Comparison of protective effects of the Fe chelator SIH and prochelator BSIH against the toxicity of 6-hydroxydopamine (6-OHDA) in differentiated PC12 cells. Cellular toxicities were determined using SYTOX measurement and expressed as a percentage of viable cells and were related to untreated control. SIH (A) or BSIH (B) were added to the cells with freshly-prepared 6-OHDA (protocol PI). Data are presented as means ± SD; n ≥ 4; Statistical significance (ANOVA, p ≤ 0.05): *vs. control group, #vs. 6-OHDA. Statistical significance is also displayed in tables in Supplementary Figure S5.

In conclusion, the present study confirmed that chelation of free redox-active cellular Fe may be beneficial in the mitigation of catecholamine neurotoxicity. We observed advantageous properties of experimental Fe chelator SIH and its prochelator BSIH. Both compounds showed the ability to significantly reduce intracellular ROS generation and further oxidative stress propagation, resulting in a promising cytoprotective effect. Although BSIH required higher concentrations than SIH to achieve the same protective effect, its greatest advantage is the absence of its inherent toxicity (Fig. 10).

Figure 10
figure 10

Proposed working model of iron (pro)chelators protecting the PC12 cells against 6-hydroxydopamine- and dopamine-induced oxidative stress and toxicity.

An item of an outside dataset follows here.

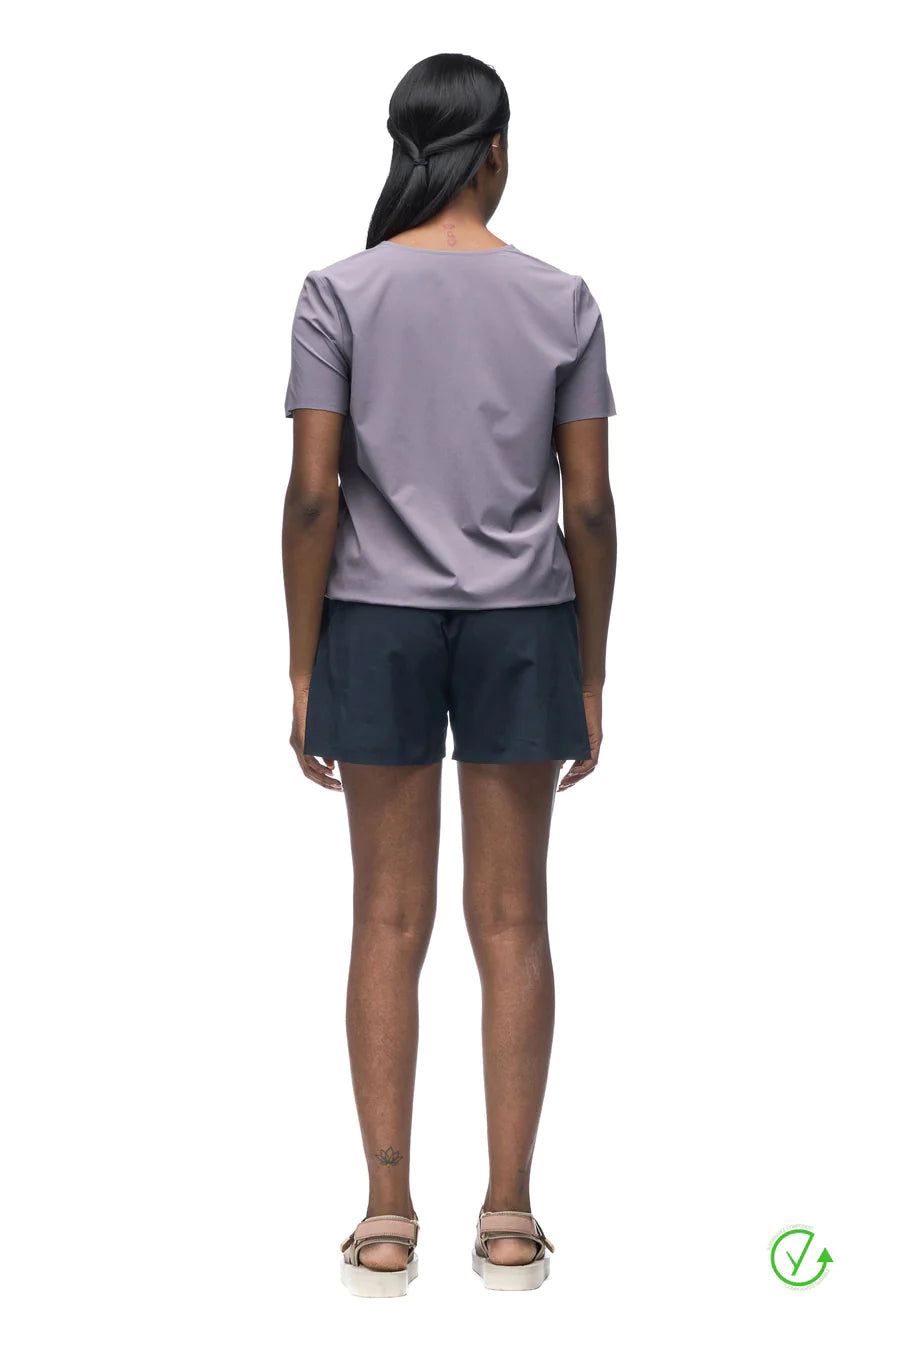 Indyeva Lagana Shorts - Black Clothing - Bottoms - Other Bottoms - Shorts by Indyeva | Grace the Boutique
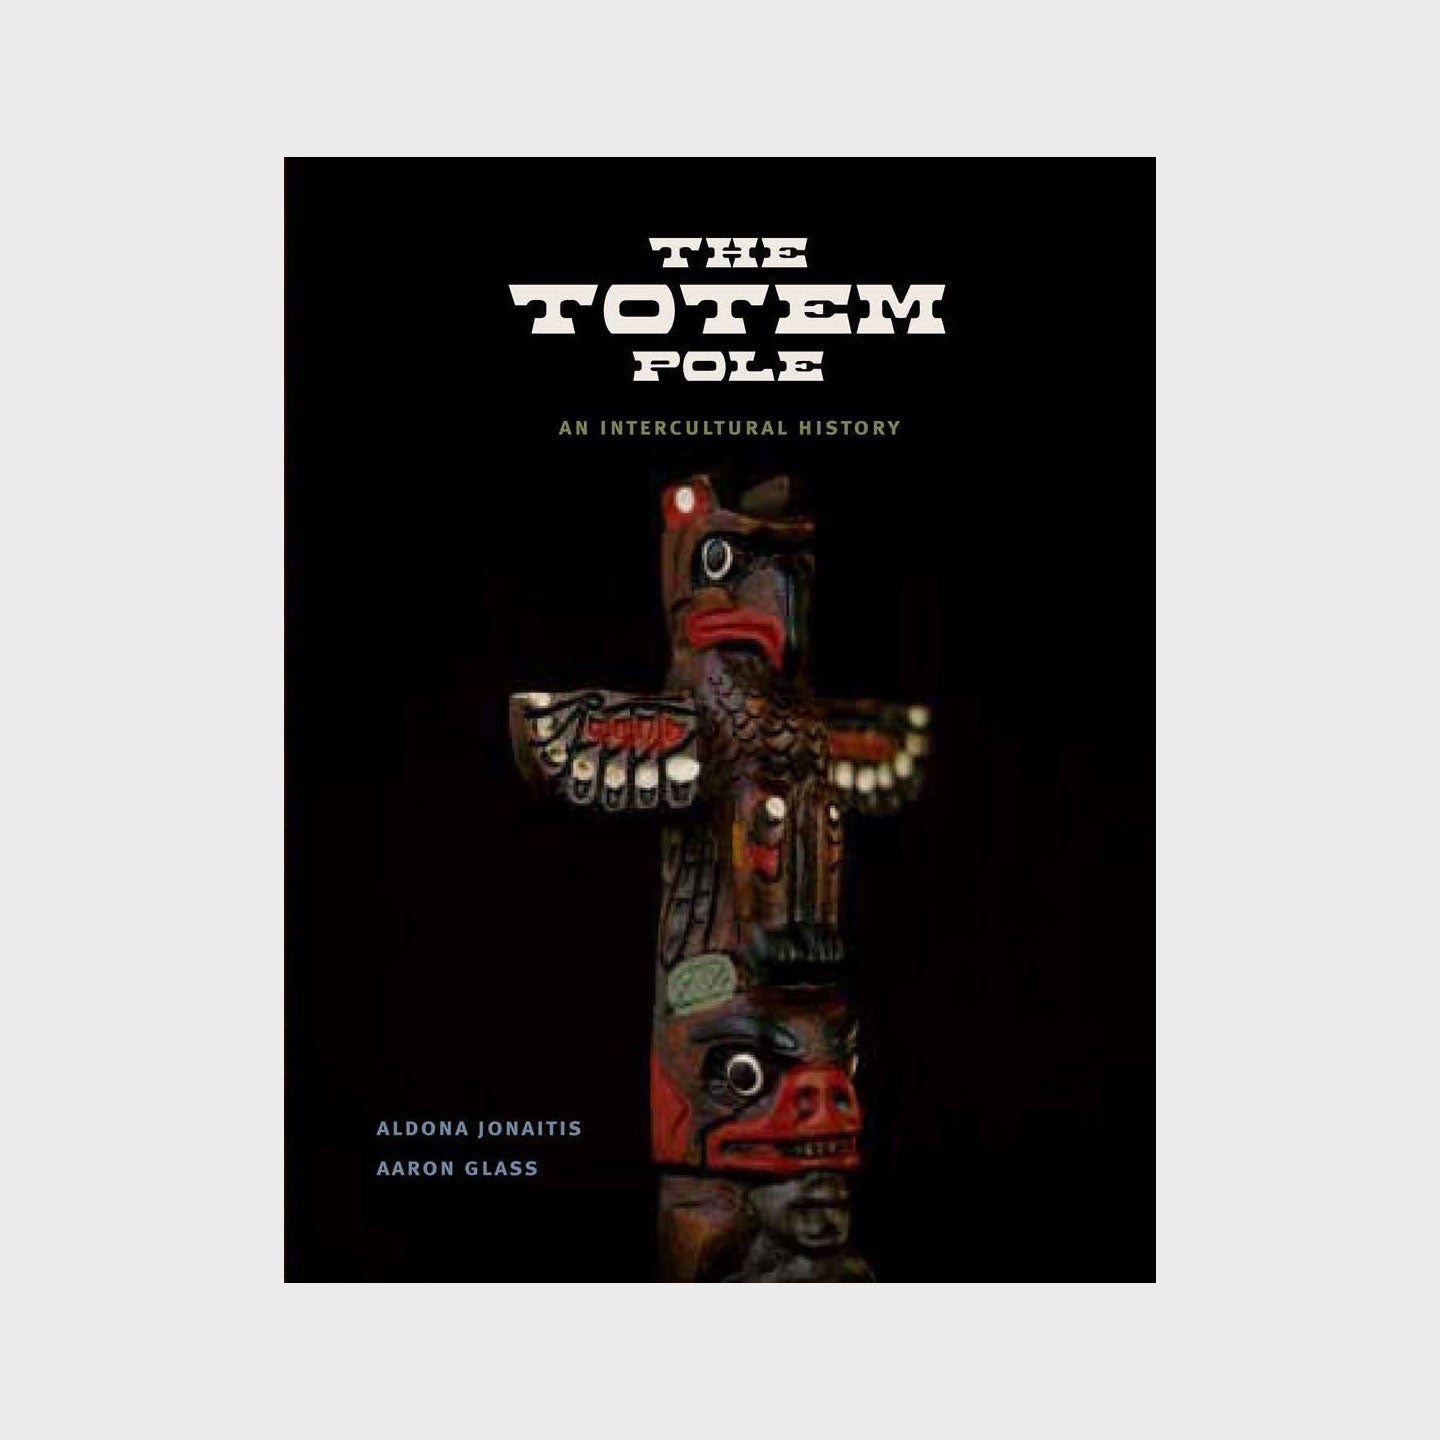 The Totem Pole: An Intercultural History by Aldona Jonaitis and Aaron Glass

The present work is an initial in vitro toxicological study using rather high catecholamine concentrations and its relevance to human neurological diseases needs to be assessed using more complex in vivo models of neurodegenerative diseases with pathophysiologically-relevant catecholamine levels. Future studies should also focus on the pharmacokinetic aspects of the (pro)chelators, including metabolization, excretion, eventual accumulation in tissues and, most importantly, their ability to cross the blood–brain barrier, which is an important property of all compounds intended for the treatment of neurodegenerative diseases.